New Delhi: Effective recovery of muscle is as important as the workout routine you follow. What you consume has a direct impact on the same. Therefore, you should ensure a proper and balanced nutritional intake in order to boost muscle recovery, also resulting in optimal muscle growth. Here are some nutrients to add to your recovery diet:
Protein is a type of macronutrient that provides your body with the energy it requires on a daily basis. It also plays an important role as one of the building blocks of your muscles and helps prevent inflammation. A diet rich in protein can help you get the required amounts of nutrients and support muscle recovery and growth.
You can consume foods like eggs, meat, poultry, fish, tofu, beans, peas, etc., to fulfil your body’s protein requirement. You can also rely on protein powders for the same. If you are on a low-calorie diet, you can opt for BCAA pre-workout powder (consisting of three amino acids: valine, leucine, and isoleucine) to boost muscle recovery.
2. Omega 3 Fatty Acids
The first phase of recovery involves inflammation, which is also beneficial for the proper healing of your muscles. However, you must note that high inflammation for longer durations may have some negative effects on your recovery process. Consumption of omega-3 is one way of avoiding excess inflammation.
Foods like walnuts, flaxseeds, chia seeds, oysters, fish (like salmon, sardines, mackerel, etc.), and so on can help you get enough amounts of omega 3 to reduce inflammation and in turn, speed up recovery.
3. Vitamin B Complex
In addition to essential amino acids and omega-3 fatty acids, what if we told you that B vitamins can also aid muscle recovery?
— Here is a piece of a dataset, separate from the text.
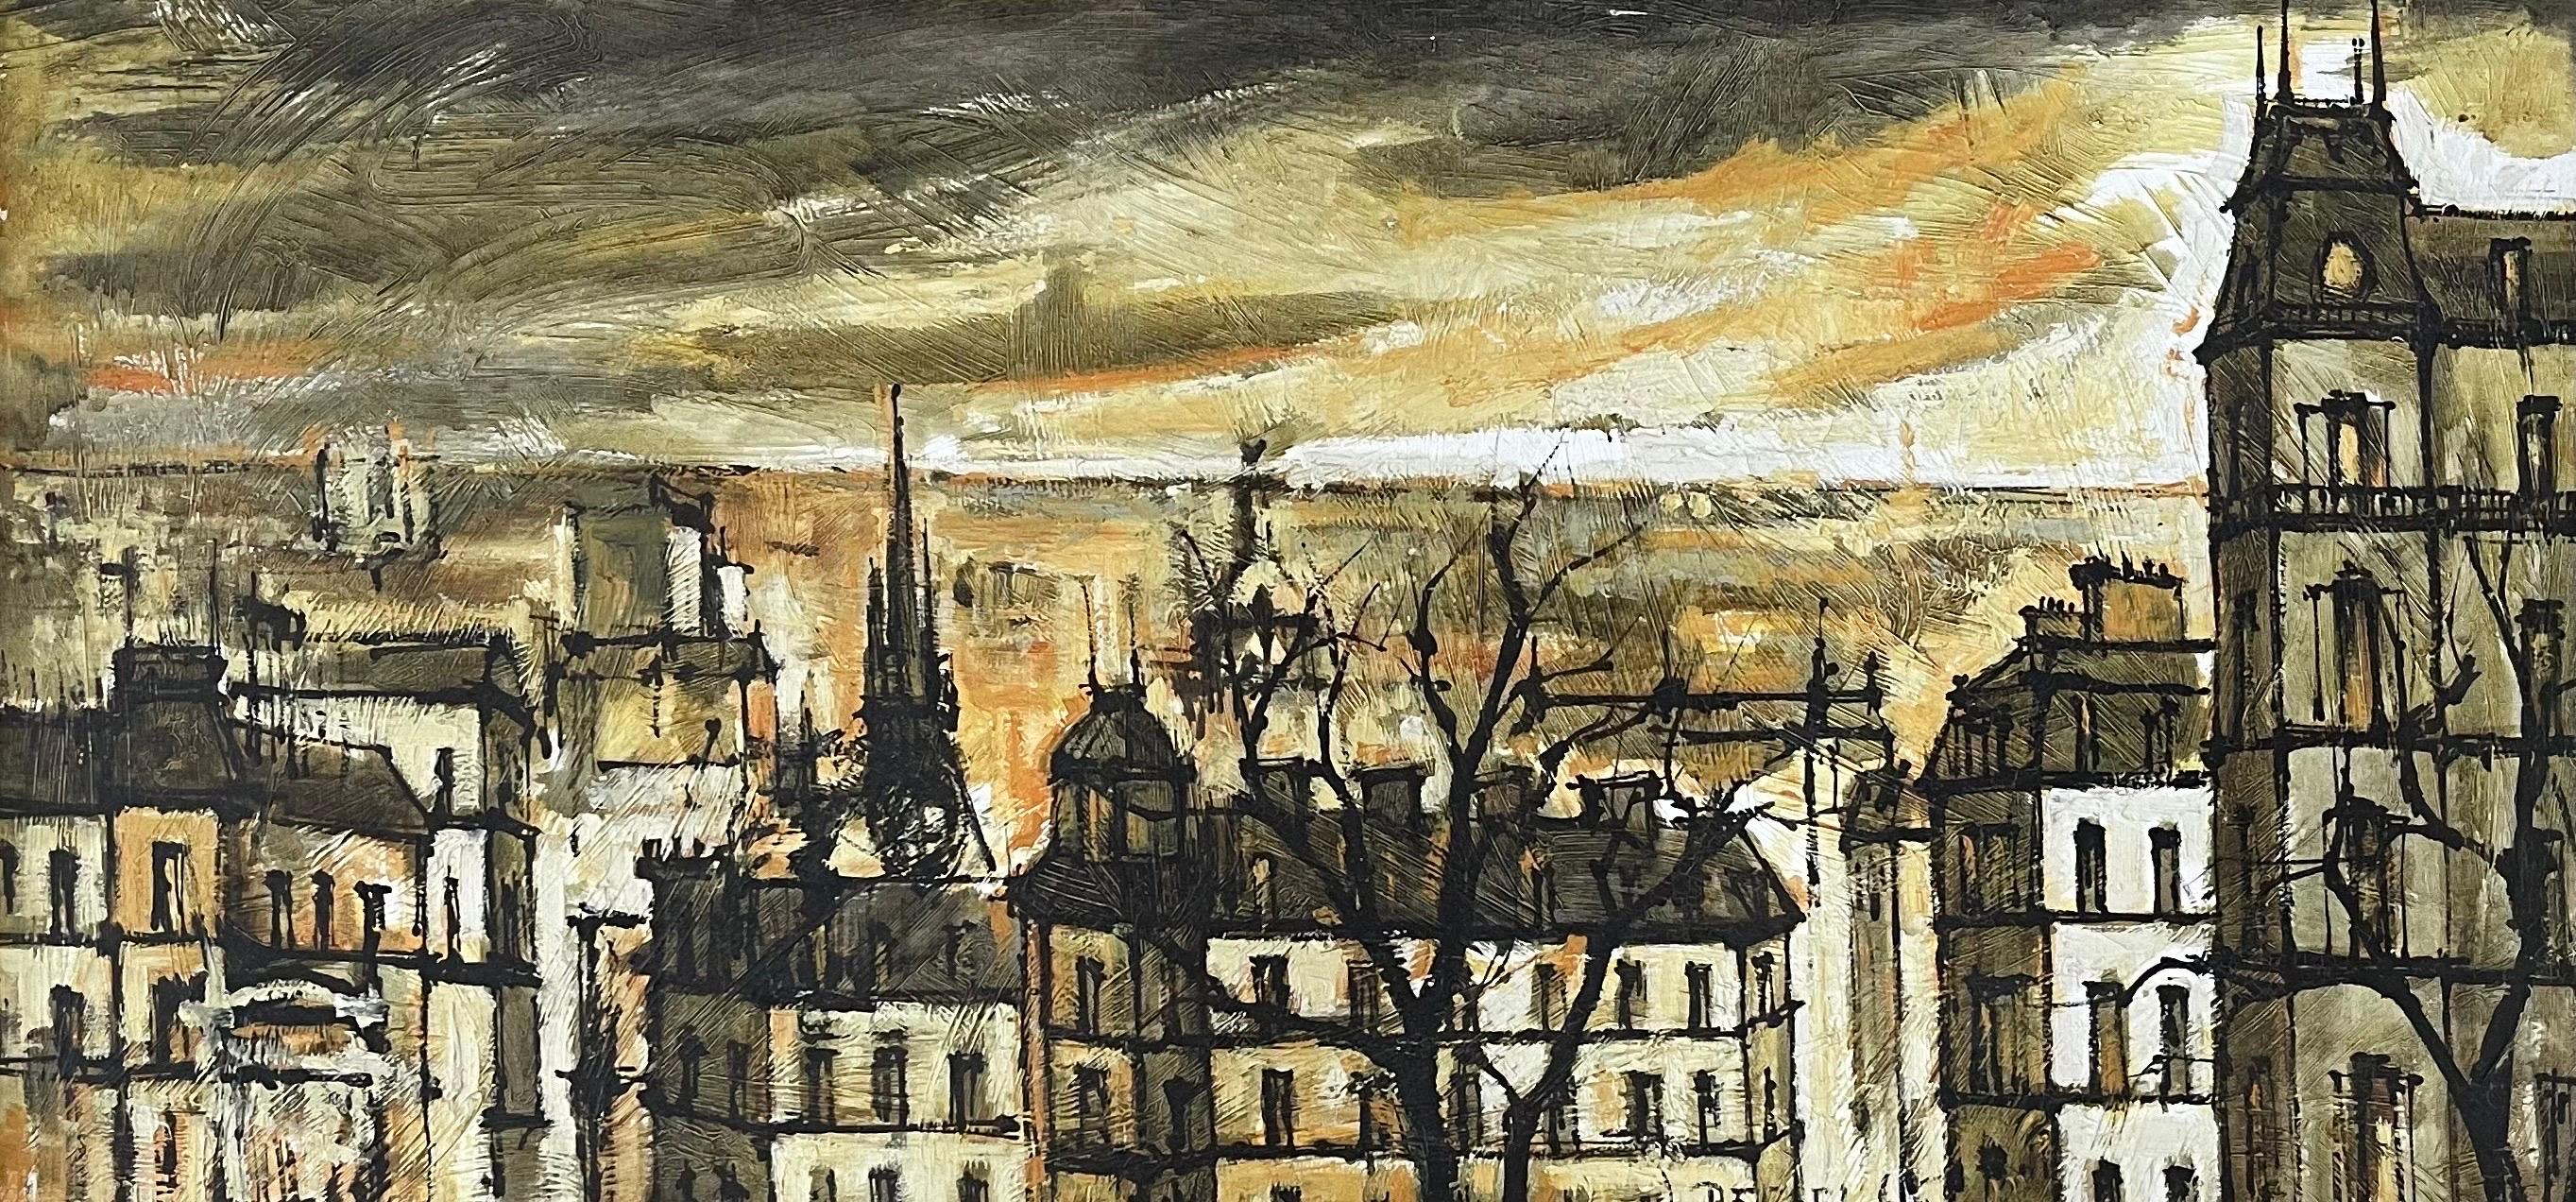 Grande peinture originale à l'huile sur toile d'un paysage urbain parisien, réalisée par l'artiste Jacques Pergel, vers les années 1960.  La peinture est très lumineuse, avec de gros coups de pinceau, et mesure un impressionnant 43

B vitamins support the processing of protein in the body, boosting the production of new cells as well as repair of soreness-causing microtears.
Bananas, peas, broccoli, leafy greens, dairy products, liver meat, eggs, etc., can be excellent sources of B vitamins.
Zinc is considered to be helpful for muscle and tissue repair, growth, and wound healing. A deficiency of the nutrient can result in your body struggling to heal tears induced by workouts as well as injuries caused to the body in general.
To get enough amounts of zinc through your diet, focus on the intake of meat, fish, pulses, seeds (especially pumpkin seeds), grains, and so on.
5. Vitamin C
Vitamin C is a type of micronutrient that boosts the production of collagen in the body. Collagen is important because it helps maintain healthy bones, tendons, muscles and skin in the body. Additionally, it possesses antioxidant and anti-inflammatory properties, further supporting athletic performance.
Consume citrus fruits, yellow and red bell peppers, leafy green vegetables, mangoes, berries, tomatoes, etc., to get the required amounts of vitamin C through your diet.
CoQ10, or Coenzyme Q10, is an antioxidant produced by the body and is stored in the mitochondria of a cell. It has the ability to reduce muscle fatigue and pain by reducing excess inflammation as well as damage caused by physical stressors.
Spinach, fish (such as salmon, tuna, mackerel, sardines, etc.), and nuts are some dietary sources of CoQ10.
We have discussed some nutrients that can help boost recovery as well as the growth of muscles after a strenuous workout routine. Deficiency in these may hinder or slow down your recovery process, and excess amounts may result in certain negative effects. Therefore, it is important to consume these in the right amounts. You can also consider consulting a healthcare professional in order to determine the same.